No ESP can guarantee you 100% uptime. (If one does, turn and run the other way.) When an ESP tells you a downtime, dig deeper than the number they give you. If the ESP tells you their downtime is X, verify it, and do the math, keeping in mind that even a tiny percentage of downtime can mean a huge issue for you. You might think 99% uptime sounds great, but what’s 99% of 365? The answer is 361.35 days…leaving 3.65 days of downtime.
Talk to customers of that ESP about their experiences with downtime. What is the reality? How often does it happen? How is it handled? Is the ESP proactive when it happens?
Also ask the ESP some questions to learn more, like how often do they release updates that require a temporary service suspension? How much unplanned downtime have they experienced in the last 24 months? What caused it and what did they do about it?
Fourth, the SLA, a.k.a. When Things Go Wrong…
OK, it’s a miserable job, but someone has to read the Service Level Agreement — maybe not you, but someone. It’s not a perfect world (and remember there are no perfect ESPs) and something could go wrong, as much as we hope it won’t. What recourse is provided should the Service Level Agreement (SLA) not be met? Know that going into the relationship with a new ESP, so you won’t get any ugly surprises later.
While reading through the SLA (or having someone give you the highlights of it), you will probably realize it says nothing about compensation should things go wrong.
Remember my earlier point about downtime? If you lose money due to an outage or some other glitch that prevents you from using the ESP’s platform, you probably won’t get reimbursed. So really pay attention to that ESP’s performance record and ask a lot of questions. Dig deep.
Lastly, Is Your Data Safe?
Your customers and subscribers trust you with their personal information—not the ESP, but you. Protecting that data is your job, but there is a vulnerability you can’t avoid because you have to use that data in order to use that ESP. That means your ESP must guard the data as diligently as you do.
(Source: Gemalto Breach Level Index)
Security should extend beyond the platform to cover access to the network as well as local access from the platform facility. Before evaluating the security capabilities of any ESP, be clear on the requirements of your organization and industry, and the level of security wanted or mandated.
Ask the ESP about audit trails and security tools. Do they provide monitoring and alerts? What about data breaches? Has the ESP had a data breach? If so, when and what steps were taken to prevent a recurrence?
Then get granular: Does the vendor offer encrypted fields for email? Does the vendor offer tokenized sending?
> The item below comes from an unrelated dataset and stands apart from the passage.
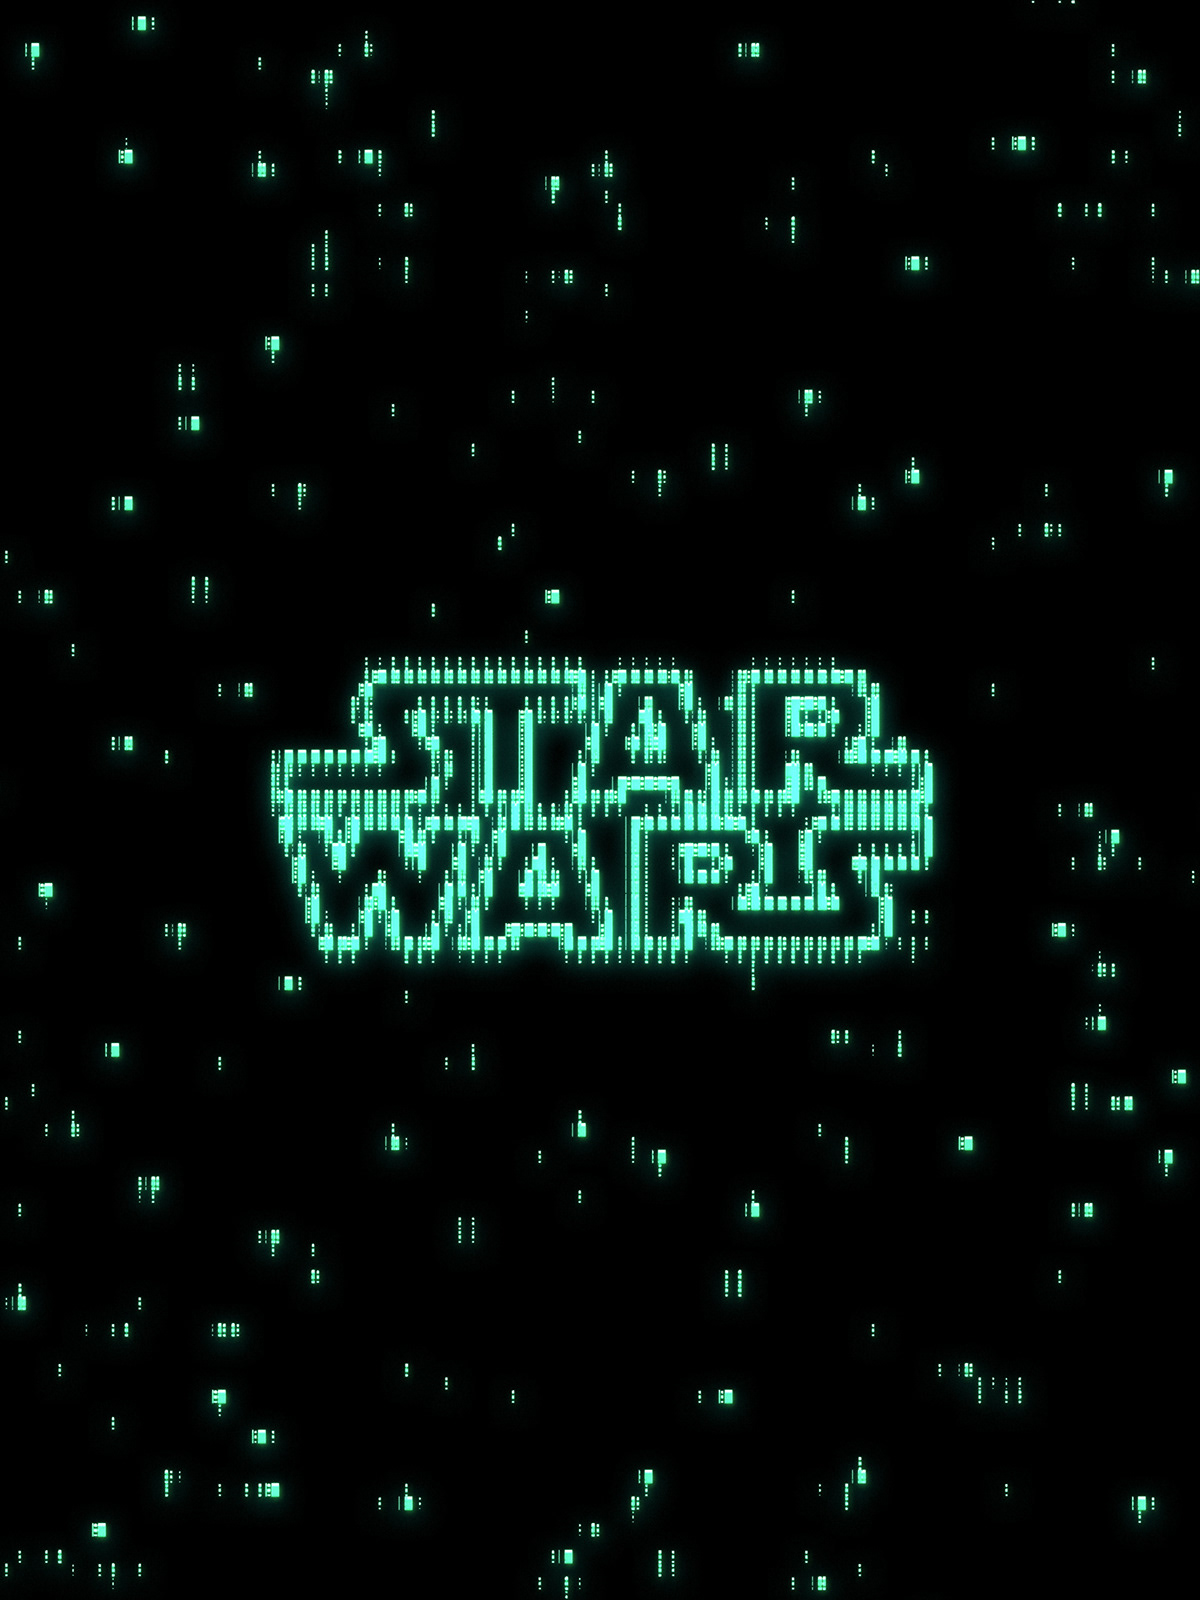 star wars jedi darth vader luke skywalker ahsoka R2D2 C3PO Chewbacca Han Solo yoda

While these might seem like almost confrontational questions, it’s worth the time (and discomfort) to seek out the answers. You don’t want to be switching ESPs any time soon, right? And investing more time now can help you make a better choice. Besides, the ESPs might also be vetting you. You present a potential risk to the ESP and they need to make sure having you as a client won’t damage their sending reputation (or make their lives miserable). This is such a serious matter that Andrew Bonar compiled a list of resources for ESPs for the OnlyInfluencers blog.
Switching ESPs is always a hassle, so make sure you’re switching to an ESP that’s going to work for you for a long time. Be willing to dig deep and ask a lot of questions, about even seemingly minor issues. You might just uncover some dirt that will save you from bigger issues later.